[Entries taken from a collection]
=== Section Start ===
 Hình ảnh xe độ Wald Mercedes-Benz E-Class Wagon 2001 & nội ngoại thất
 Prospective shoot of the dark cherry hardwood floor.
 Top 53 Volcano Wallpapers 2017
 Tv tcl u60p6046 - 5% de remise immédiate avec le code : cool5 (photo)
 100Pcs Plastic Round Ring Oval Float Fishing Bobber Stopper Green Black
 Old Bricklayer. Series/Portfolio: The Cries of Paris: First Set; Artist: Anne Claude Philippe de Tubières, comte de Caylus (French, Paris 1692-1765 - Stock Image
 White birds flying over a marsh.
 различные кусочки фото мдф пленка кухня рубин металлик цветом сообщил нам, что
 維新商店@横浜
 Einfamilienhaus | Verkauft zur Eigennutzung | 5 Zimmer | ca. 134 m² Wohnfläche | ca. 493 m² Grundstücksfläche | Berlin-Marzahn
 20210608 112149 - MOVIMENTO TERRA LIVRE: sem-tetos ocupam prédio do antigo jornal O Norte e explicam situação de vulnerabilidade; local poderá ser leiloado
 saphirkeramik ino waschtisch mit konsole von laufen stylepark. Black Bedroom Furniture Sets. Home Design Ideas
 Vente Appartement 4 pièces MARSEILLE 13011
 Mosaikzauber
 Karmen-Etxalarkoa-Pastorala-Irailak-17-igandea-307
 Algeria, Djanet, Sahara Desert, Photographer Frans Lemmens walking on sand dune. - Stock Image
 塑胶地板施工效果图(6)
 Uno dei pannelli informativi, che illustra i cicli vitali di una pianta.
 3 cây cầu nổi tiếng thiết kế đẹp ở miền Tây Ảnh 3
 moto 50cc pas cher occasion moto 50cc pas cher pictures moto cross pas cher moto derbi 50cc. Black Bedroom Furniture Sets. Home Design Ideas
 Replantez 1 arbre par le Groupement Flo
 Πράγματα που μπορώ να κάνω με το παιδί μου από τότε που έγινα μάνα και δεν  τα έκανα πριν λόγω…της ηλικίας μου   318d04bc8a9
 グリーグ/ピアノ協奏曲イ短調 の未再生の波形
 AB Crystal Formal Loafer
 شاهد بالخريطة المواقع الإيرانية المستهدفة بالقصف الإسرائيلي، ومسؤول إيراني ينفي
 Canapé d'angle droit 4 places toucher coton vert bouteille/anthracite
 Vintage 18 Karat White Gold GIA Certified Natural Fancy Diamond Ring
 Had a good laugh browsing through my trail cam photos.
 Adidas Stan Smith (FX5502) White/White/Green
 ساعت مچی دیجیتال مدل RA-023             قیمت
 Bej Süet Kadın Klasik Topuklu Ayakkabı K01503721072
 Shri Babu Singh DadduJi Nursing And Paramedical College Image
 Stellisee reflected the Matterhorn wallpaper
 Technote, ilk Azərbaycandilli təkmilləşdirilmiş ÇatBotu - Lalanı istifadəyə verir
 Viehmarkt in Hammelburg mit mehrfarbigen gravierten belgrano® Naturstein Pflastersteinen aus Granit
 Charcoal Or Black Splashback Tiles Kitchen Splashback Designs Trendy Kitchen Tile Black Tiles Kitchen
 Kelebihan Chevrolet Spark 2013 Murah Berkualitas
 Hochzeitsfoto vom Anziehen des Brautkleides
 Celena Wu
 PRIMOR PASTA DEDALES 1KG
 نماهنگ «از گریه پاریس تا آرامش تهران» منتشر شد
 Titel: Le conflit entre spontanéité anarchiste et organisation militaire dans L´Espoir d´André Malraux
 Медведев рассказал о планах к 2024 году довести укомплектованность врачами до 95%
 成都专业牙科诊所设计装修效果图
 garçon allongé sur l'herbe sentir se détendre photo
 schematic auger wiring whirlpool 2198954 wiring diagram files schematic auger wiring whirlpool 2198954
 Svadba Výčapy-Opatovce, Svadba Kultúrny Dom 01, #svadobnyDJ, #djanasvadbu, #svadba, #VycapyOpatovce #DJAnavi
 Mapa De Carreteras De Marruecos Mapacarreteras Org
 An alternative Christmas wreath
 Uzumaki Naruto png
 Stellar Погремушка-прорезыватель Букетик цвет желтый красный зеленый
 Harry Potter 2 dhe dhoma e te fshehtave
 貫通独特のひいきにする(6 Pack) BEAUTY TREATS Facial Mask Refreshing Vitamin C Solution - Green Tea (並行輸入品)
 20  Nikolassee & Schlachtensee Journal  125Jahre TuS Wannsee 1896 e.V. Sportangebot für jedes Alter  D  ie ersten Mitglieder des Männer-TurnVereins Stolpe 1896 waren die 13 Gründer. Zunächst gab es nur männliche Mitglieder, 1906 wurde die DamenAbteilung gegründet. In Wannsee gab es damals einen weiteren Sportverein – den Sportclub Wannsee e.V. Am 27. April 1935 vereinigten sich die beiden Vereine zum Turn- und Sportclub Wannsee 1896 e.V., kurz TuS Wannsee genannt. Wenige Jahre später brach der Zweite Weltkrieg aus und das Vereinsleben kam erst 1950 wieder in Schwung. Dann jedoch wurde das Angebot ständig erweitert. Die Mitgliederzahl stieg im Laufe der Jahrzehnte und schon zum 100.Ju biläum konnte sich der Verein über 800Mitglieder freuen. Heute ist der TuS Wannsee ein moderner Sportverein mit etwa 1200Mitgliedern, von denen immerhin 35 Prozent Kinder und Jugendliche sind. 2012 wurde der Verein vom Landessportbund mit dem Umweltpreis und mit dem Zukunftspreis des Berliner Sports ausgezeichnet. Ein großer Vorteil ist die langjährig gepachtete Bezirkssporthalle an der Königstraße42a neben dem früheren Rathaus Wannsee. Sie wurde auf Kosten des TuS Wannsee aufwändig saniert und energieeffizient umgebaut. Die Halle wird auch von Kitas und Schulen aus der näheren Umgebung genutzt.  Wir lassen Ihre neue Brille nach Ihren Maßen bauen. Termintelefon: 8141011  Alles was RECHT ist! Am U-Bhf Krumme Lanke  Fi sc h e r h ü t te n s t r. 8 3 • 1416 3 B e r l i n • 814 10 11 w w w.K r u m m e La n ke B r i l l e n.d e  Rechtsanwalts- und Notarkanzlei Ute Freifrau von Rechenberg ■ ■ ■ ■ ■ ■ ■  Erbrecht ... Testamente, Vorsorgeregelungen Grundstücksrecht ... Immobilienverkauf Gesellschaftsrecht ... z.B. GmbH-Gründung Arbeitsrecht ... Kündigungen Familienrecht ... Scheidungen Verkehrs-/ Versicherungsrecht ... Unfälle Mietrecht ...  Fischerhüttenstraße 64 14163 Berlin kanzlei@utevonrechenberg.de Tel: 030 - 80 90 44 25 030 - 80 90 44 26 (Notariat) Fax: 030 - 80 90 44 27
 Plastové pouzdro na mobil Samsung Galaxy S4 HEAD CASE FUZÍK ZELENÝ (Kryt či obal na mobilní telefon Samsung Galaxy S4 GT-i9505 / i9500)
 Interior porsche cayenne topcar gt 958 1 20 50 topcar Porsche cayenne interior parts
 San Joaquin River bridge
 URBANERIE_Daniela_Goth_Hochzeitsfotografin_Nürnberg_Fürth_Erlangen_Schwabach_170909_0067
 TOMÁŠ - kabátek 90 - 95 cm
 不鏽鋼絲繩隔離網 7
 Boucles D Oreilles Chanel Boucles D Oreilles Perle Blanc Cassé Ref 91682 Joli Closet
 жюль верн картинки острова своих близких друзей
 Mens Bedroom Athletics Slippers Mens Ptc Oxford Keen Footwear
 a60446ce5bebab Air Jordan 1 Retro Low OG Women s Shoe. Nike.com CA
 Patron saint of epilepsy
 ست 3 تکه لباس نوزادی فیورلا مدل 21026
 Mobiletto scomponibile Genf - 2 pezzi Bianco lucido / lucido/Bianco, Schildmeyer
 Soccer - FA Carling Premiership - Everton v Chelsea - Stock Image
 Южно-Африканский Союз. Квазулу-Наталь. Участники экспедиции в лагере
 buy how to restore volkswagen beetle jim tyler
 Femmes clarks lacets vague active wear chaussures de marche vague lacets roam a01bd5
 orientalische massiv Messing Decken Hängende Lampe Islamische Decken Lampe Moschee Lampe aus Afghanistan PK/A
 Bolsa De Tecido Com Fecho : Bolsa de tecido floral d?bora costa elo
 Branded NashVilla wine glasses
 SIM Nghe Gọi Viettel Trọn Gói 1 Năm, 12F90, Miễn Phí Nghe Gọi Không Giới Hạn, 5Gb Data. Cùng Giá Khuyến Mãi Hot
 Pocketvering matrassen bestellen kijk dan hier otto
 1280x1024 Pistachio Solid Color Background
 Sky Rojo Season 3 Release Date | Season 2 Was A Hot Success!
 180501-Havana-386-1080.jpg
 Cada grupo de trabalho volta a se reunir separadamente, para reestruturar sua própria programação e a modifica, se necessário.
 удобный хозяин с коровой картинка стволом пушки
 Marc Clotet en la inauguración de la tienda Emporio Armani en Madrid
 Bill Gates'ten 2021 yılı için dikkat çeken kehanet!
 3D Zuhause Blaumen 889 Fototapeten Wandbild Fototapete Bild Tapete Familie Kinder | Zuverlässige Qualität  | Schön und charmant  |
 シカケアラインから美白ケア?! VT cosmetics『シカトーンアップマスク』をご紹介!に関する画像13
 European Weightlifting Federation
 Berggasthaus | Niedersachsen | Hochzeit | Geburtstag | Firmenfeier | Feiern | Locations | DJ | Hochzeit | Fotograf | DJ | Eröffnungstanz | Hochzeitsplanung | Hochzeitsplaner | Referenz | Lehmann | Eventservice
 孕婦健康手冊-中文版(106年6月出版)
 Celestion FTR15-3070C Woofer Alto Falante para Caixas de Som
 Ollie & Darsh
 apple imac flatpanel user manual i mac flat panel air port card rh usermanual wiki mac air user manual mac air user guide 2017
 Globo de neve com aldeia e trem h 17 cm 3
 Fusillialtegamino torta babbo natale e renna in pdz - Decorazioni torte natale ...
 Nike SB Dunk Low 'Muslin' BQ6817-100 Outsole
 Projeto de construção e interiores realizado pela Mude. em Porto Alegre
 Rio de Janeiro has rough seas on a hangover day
=== Section End ===
Would you output, from the records above, exactly the run of lines that starts at the line containing "شاهد بالخريطة المواقع" and ends at the line containing "Vintage 18 Karat", and only that run?

 شاهد بالخريطة المواقع الإيرانية المستهدفة بالقصف الإسرائيلي، ومسؤول إيراني ينفي
 Canapé d'angle droit 4 places toucher coton vert bouteille/anthracite
 Vintage 18 Karat White Gold GIA Certified Natural Fancy Diamond Ring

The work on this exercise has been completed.